Monica Figuerola pasó de pagar el aparcamiento: si se entretuviera en el parquímetro lo perdería. Siguió a Mårtensson hasta Kungsgatan, donde éste giró a la izquierda y entró en Kungstornet. Ella refunfuñó pero no le quedaba otra elección, así que esperó tres minutos y luego entró en el café. Estaba sentado en la planta baja hablando con un hombre de unos treinta y cinco años. Era rubio y parecía estar en bastante buena forma. «Un madero, pensó Monica Figuerola.»

Lo identificó como el hombre que Christer Malm había fotografiado delante del Copacabana el uno de mayo.

Pidió un café, se sentó en el otro extremo del local y abrió el Dagens Nyheter. Mårtensson y su acompañante hablaban en voz baja. No pudo oír ni una sola palabra de lo que decían. Sacó su teléfono y fingió hacer una llamada, algo totalmente innecesario, ya que ninguno de los dos hombres la estaba mirando. Les hizo una foto que sabía que iba a ser de 72 dpi y, por lo tanto, de demasiada baja calidad para publicarla. Sin embargo, podía servir como prueba de que el encuentro se había celebrado.

Al cabo de algo más de quince minutos, el hombre rubio se levantó y abandonó el Kungstornet. Monica Figuerola se maldijo por dentro: ¿por qué no se habría quedado fuera? Lo habría reconocido en cuanto hubiera salido. Quiso levantarse e ir tras él enseguida. Pero Mårtensson continuaba allí, tranquilo, tomándose su café. No quería llamar la atención levantándose y siguiendo a ese desconocido interlocutor.

Pasados unos cuarenta segundos Mårtensson fue al baño. En cuanto cerró la puerta, Monica Figuerola se puso de pie y salió a Kungsgatan. Miró a diestro y siniestro, pero el hombre rubio ya no estaba.

Se la jugó y fue corriendo hasta la intersección de Kungsgatan con Sveavägen. No lo vio por ninguna parte, de modo que bajó a toda prisa hasta el metro. Ni el menor rastro de él.

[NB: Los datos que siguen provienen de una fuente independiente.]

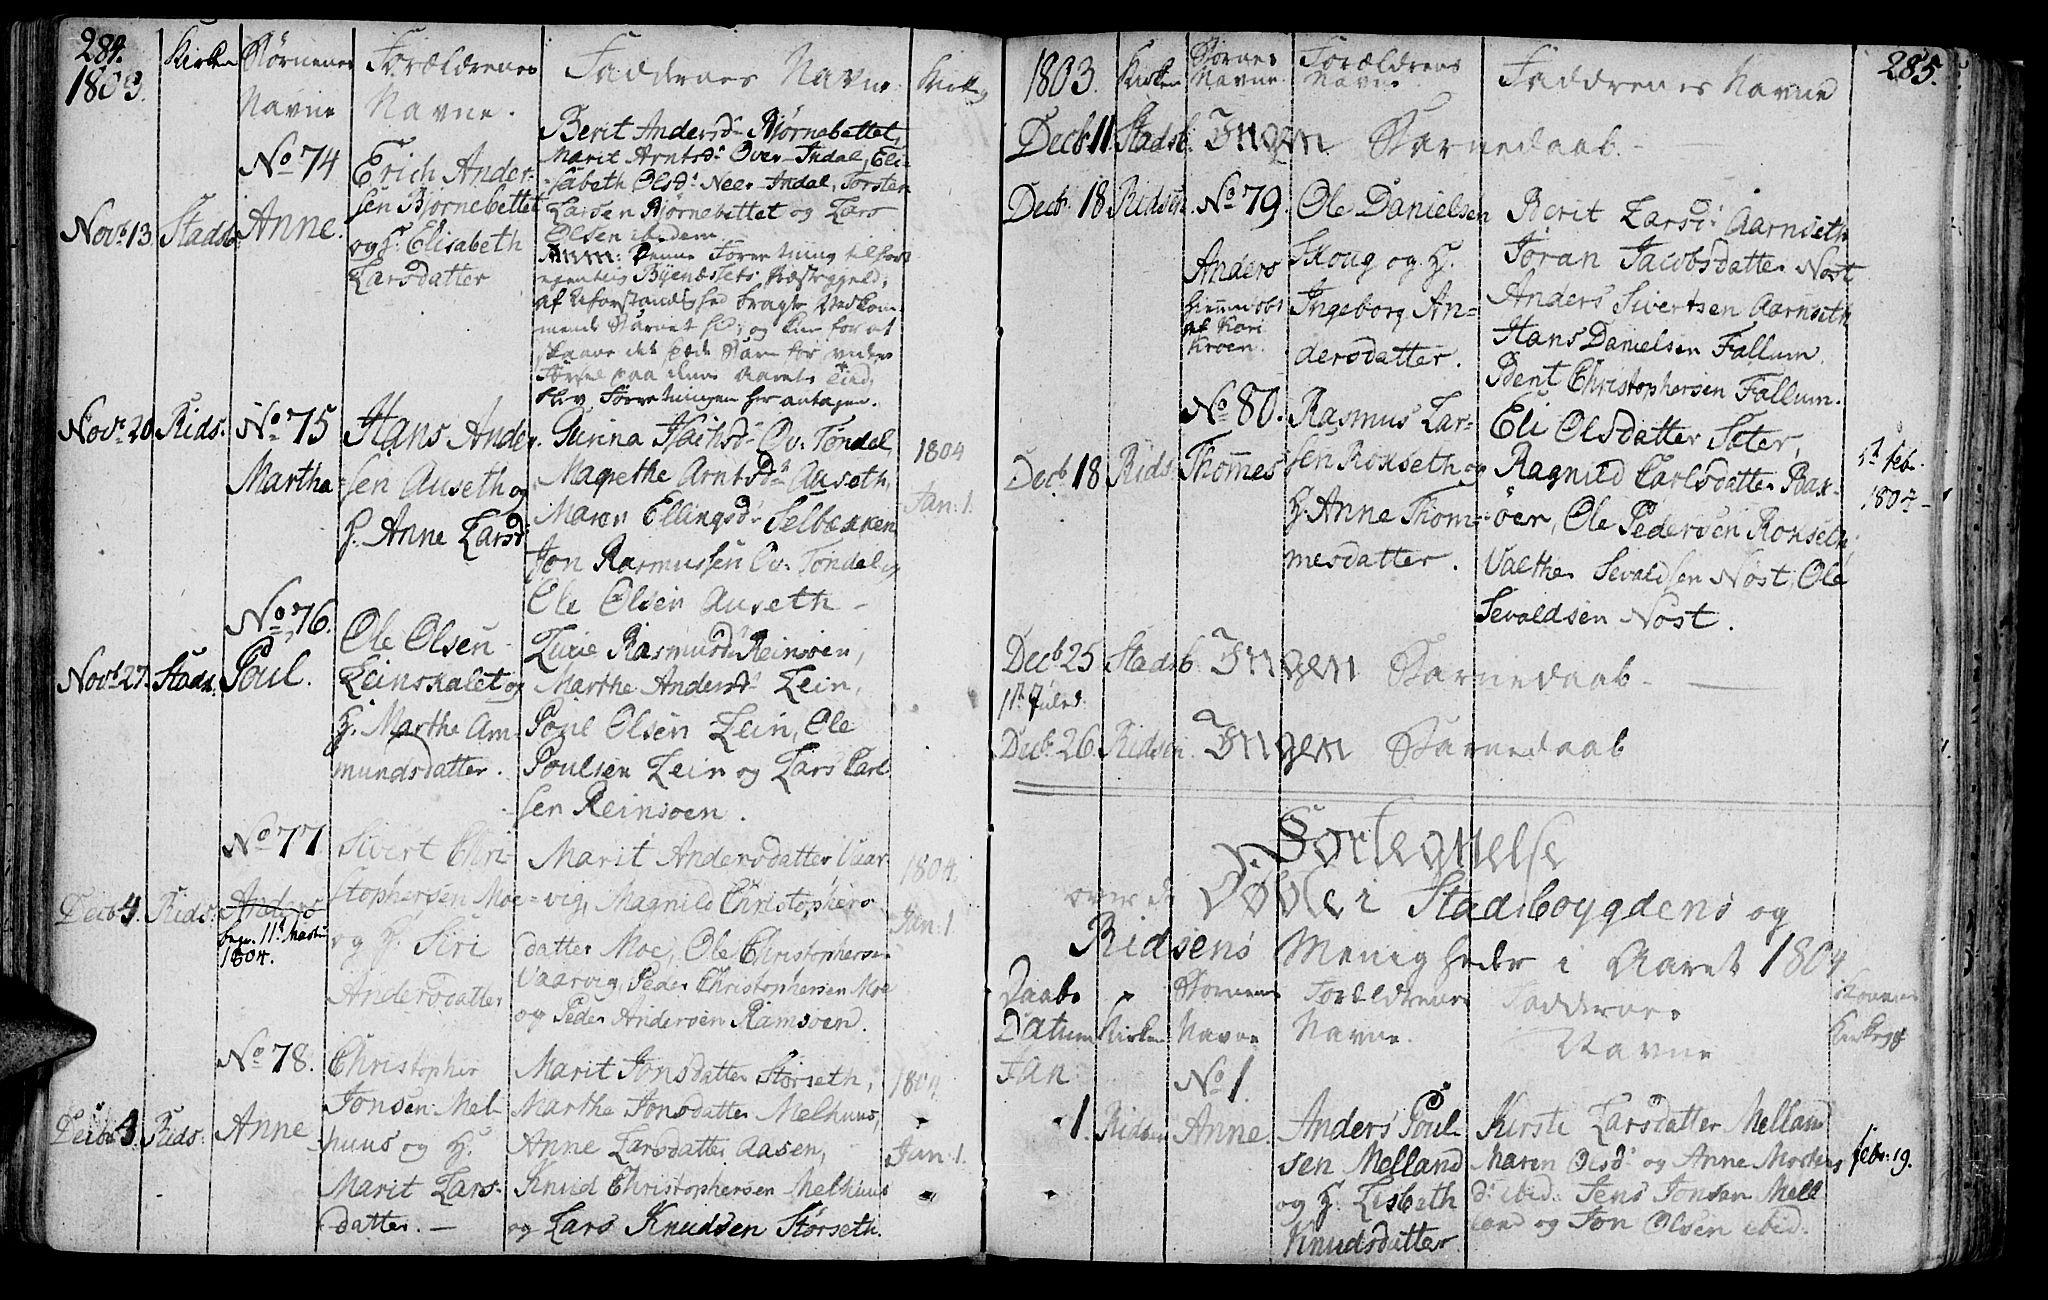 SAT, Ministerialprotokoller, klokkerbøker og fødselsregistre - Sør-Trøndelag, 646/L0606: Ministerialbok nr. 646A04, 1791-1805, s. 284-285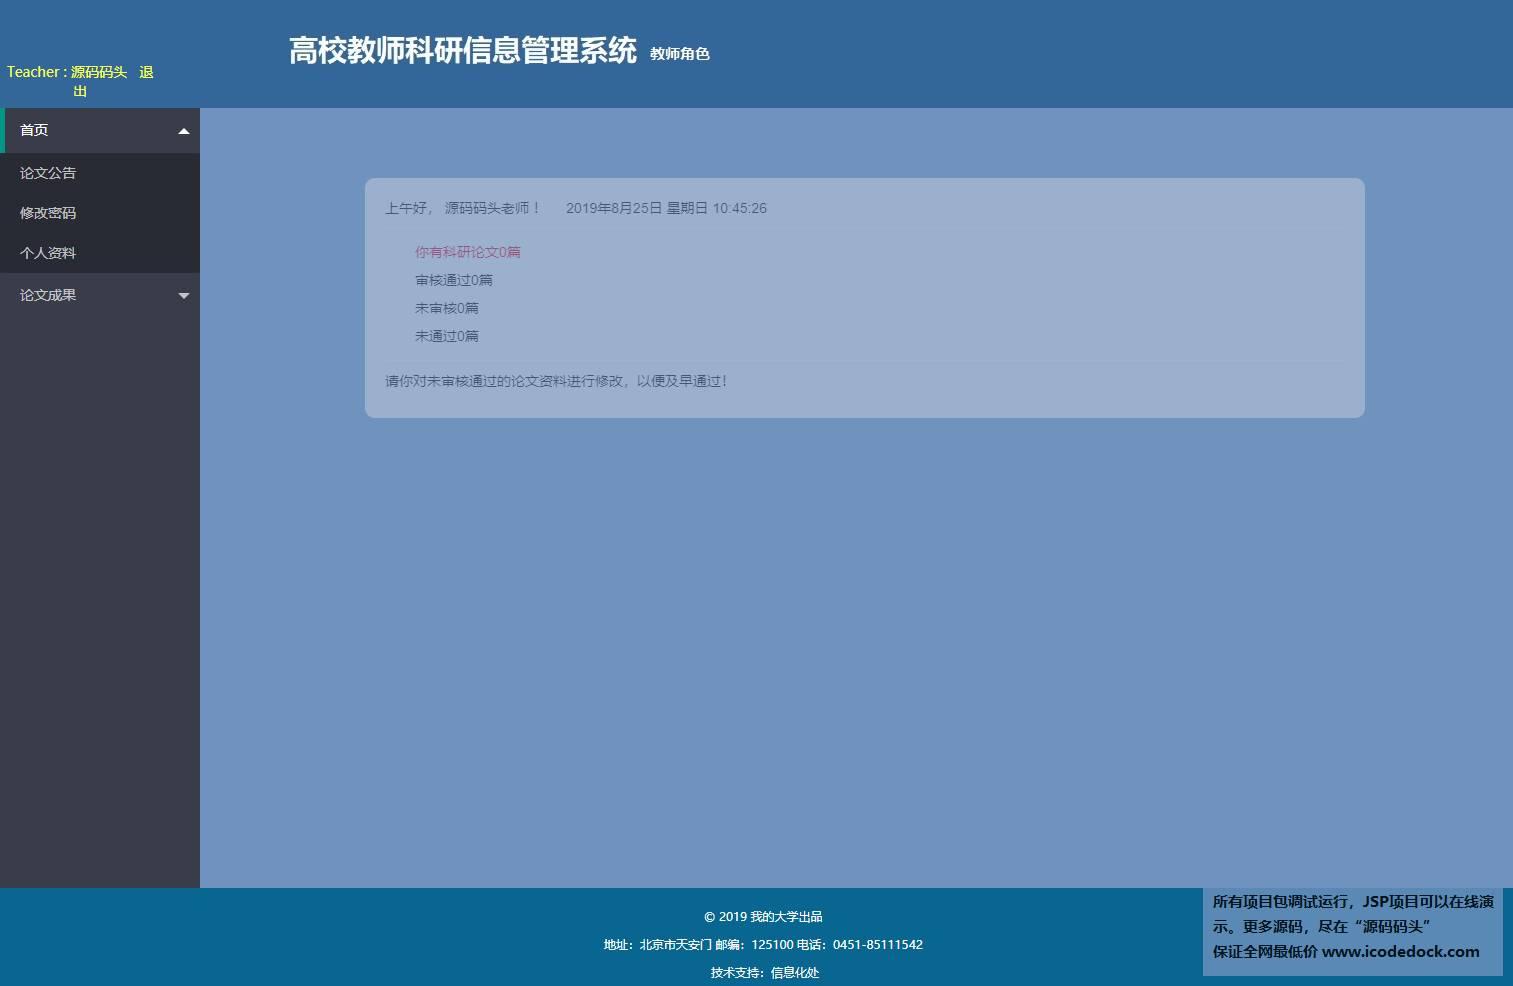 源码码头-JSP教师科研信息管理系统-教师角色-教师首页

Volvió a Kungstornet. Mårtensson también había desaparecido.

Erika Berger empezó a soltar palabrotas descontroladamente cuando volvió al sitio donde había aparcado su BMW el día anterior, a dos manzanas de Samirs gryta.

El coche permanecía allí. Pero durante la noche alguien le había pinchado las cuatro ruedas. «Malditas putas ratas de alcantarilla», comenzó a decir mientras le hervía la sangre de rabia.

No había muchas alternativas. Llamó a la grúa y explicó la situación. No tenía tiempo de quedarse esperando, de modo que introdujo las llaves en el tubo de escape para que los de la grúa pudieran entrar en el coche. Luego bajó a Mariatorget y paró un taxi.

Lisbeth Salander entró en la página web de Hacker Republic y constató que Plague estaba conectado. Le pinchó.

– Hola, Wasp. ¿Qué tal las cosas por Sahlgrenska?

– Relajadas. Necesito tu ayuda.

– Vaya, vaya.

– Nunca creí que te la fuera a pedir.

– Debe de ser algo serio.

– Göran Mårtensson, residente en Vällingby. Necesito acceso a su ordenador.

– Vale.

– Debes transferirle todo el material a Mikael Blomkvist, a Millennium.

– De acuerdo. Eso está hecho.

– Gran hermano tiene pinchado el teléfono de Blomkvist y probablemente también su correo. Tienes que mandarlo todo a una dirección de Hotmail.